Plan to use it for next 2-3 years for trip pictures and occasional videos.
Just to give context, I already owe a D5100 since 2 years, although photography has taken a real hit in past 1 year due to busy schedule but yes I think I know how to click. Want to buy a compact, camera as its not possible to carry DSLR and lenses everywhere, so at most of the places I am left just with my mobile phone

Features I am looking at -: (List in Priority order)

Compact Size
Image Quality
Manual Controls
Decent Zoom (10x-20x)
GPS
Full HD Video
Wi-Fi

Budget: Not willing to spend more than £150-£200 (15K - 18K) atm.

Will buy from either Amazon or Currys 

Went through threads and have kind of shortlisted Sony HX20v and canon sx260 HS.
Both lack Wi-Fi but I am unable to find one having this feature in my budget.

Can you guys, please advice between the two or suggest something better.


----------



## sujoyp (Jun 26, 2013)

I tried to find out but could find any cam under 20k with wifi ...the closest is canon s110  Canon PowerShot S110 Digital Camera - Black 3 inch: Amazon.co.uk: Camera & Photo


----------



## Champ (Jun 27, 2013)

Hi suoyp, thanks for fast reply.
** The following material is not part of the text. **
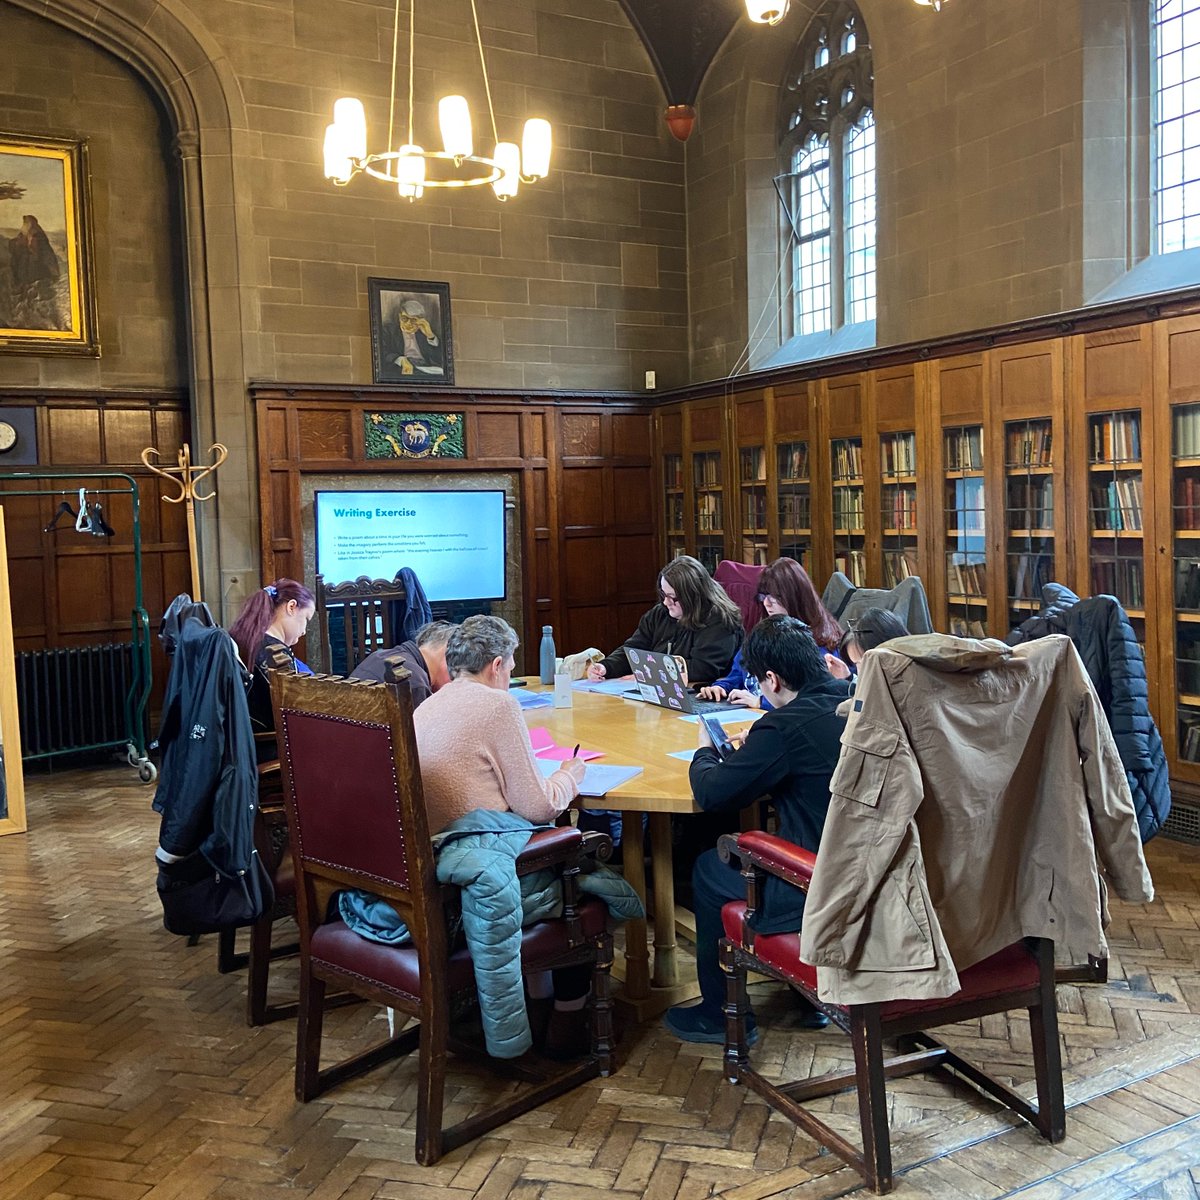 A great session with the new Poetry Writing Workshops we now offer at Volition. This week’s introduction to poetry looked at a poem by Jessica Traynor poets look at home writing away in the cathedral’s library! #poem #poetrylovers #volunteers 🖊️📝📚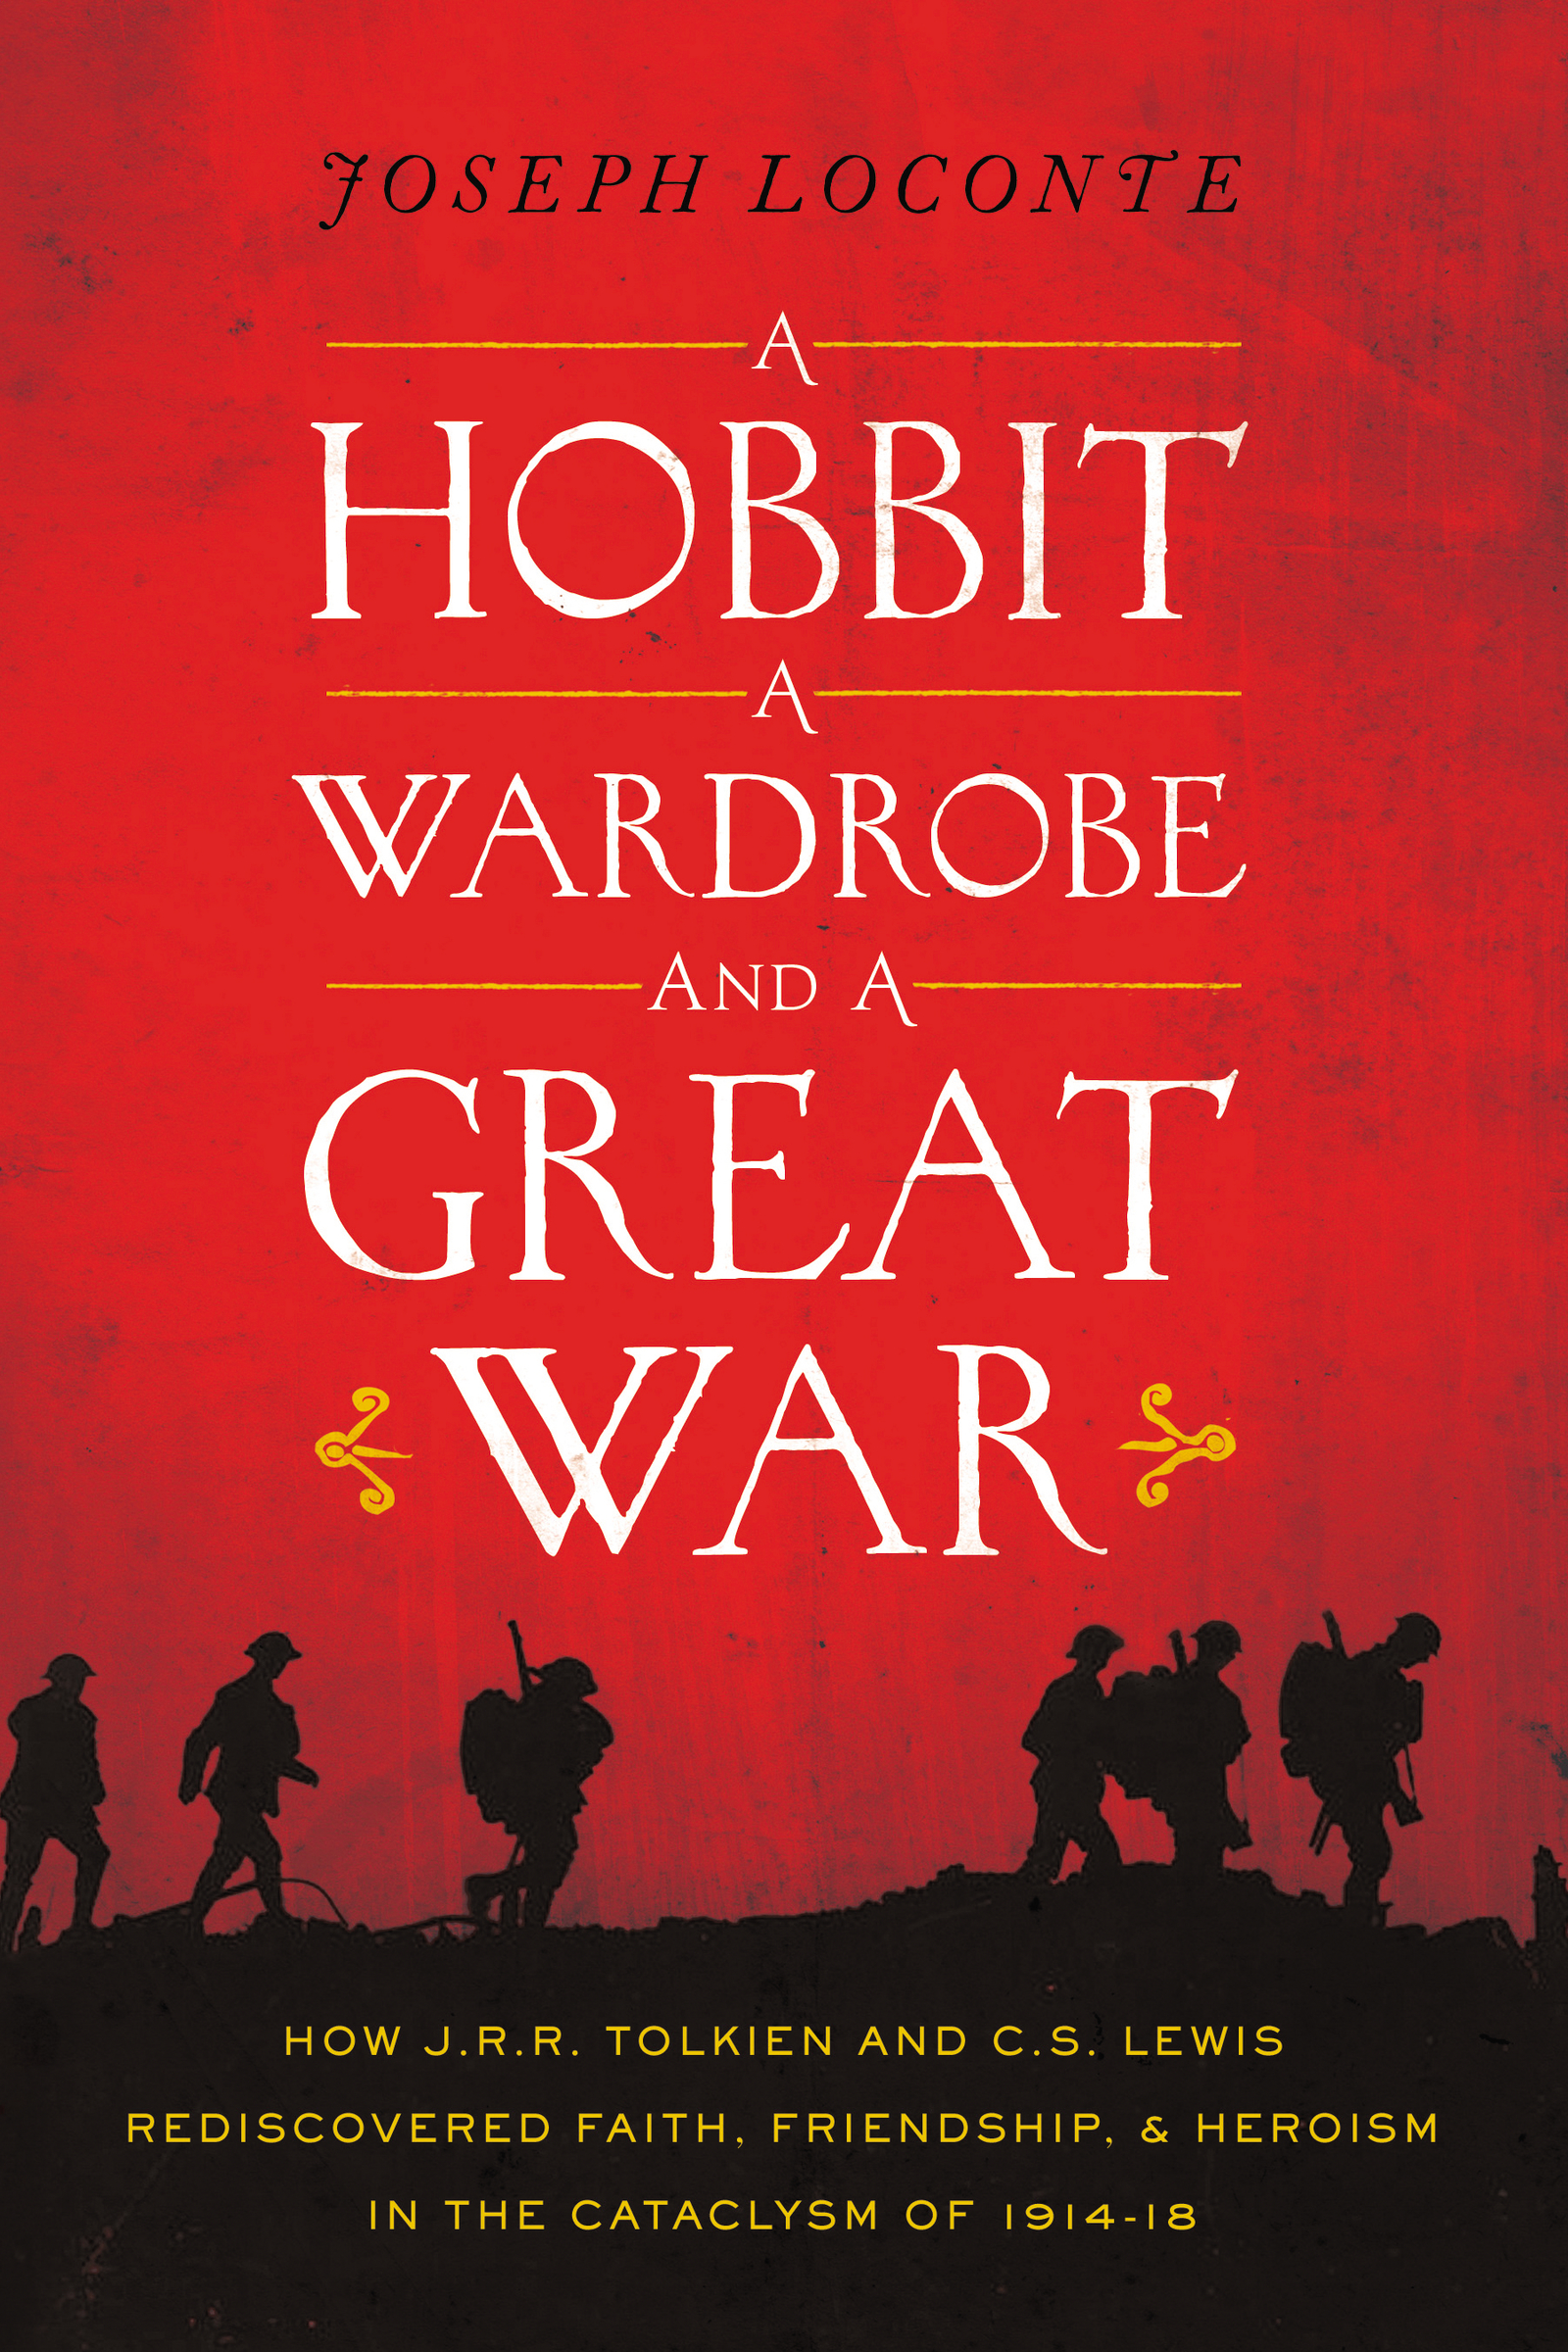 A Hobbit, a Wardrobe, and a Great War How J.R.R. Tolkien and C.S. Lewis Rediscovered Faith, Friendship, and Heroism in the Cataclysm of 1914-18 cover image

Its really good to see that you are still active on TDF 

S110 is indeed a nice camera with Biger sensor and better IQ, only thing holding me back is High price and only 5x zoom.
I have suffered enough is past because of low flexibility of DSLR lenses, I hope you will understand what I am trying to point here.

The reason I wanted WiFi is to directly transfer phones to my cell and upload to social networking sites, Its hard to carry OTG cable and card reader everywhere. but looks like I will have to sacrifice this feature as of now.

As of today both  Sony HX20v and canon sx260 HS cost exactly same i.e. £ 179 on Amazon

I dont know why Sony decided to cramp 18 million Pixels in that little sensor. most of the onlie review sites mention water color images and soft edges, which is quite obvious, considering the amount of noise reduction the camera is applying.
On the other hand sx260 lacks in video department and have hard time focusing in low light.

I am really confused guys between two, so please suggest between the two or throw in some more models to decrease (or may be increase) my confusion.


----------



## sujoyp (Jun 27, 2013)

LOL you r comparing better cameras with normal P&S ....I suggest you at least go for cams with 1/7" sensor and not the normal ones...
Nikon p330, Canon S110, panasonic LX5 are good choices else you can look for Nikon j1 with kit lens for now and use FT1 adapter to use same lens on both J1 and D5100 

for P&S Canon SX260 is much better for advance users and HX20IS for feature rich cam


----------



## nac (Jun 27, 2013)

If you already have eyefi card, or ready to spend 20/30 quids to buy one, then HX20V. Else, TZ30. It doesn't have wifi or eyefi but you get the rest you asked for.


----------



## sujoyp (Jun 27, 2013)

yaah TZ30 have superb specs...


----------



## quagmire (Jun 28, 2013)

@Champ : Why dont you go for TZ40 or SX280?
Both have Wifi and IQ is great for 1/2.3" sensor?


----------



## sujoyp (Jun 28, 2013)

@quagmire  link please...are they released in India


----------



## quagmire (Jun 28, 2013)

^Oops.. I thought OP was in UK currently.. Its released there..

*www.amazon.co.uk/gp/product/B00BYO...&pf_rd_t=101&pf_rd_p=358549767&pf_rd_i=468294

*www.amazon.co.uk/gp/product/B00BET...&pf_rd_t=101&pf_rd_p=358549207&pf_rd_i=468294


----------



## sujoyp (Jun 28, 2013)

ooh u r right ....I am sorry...I didnt check that way


----------



## Champ (Jul 2, 2013)

Looks like I will end up with TZ40, Thanks everyone for suggestions


----------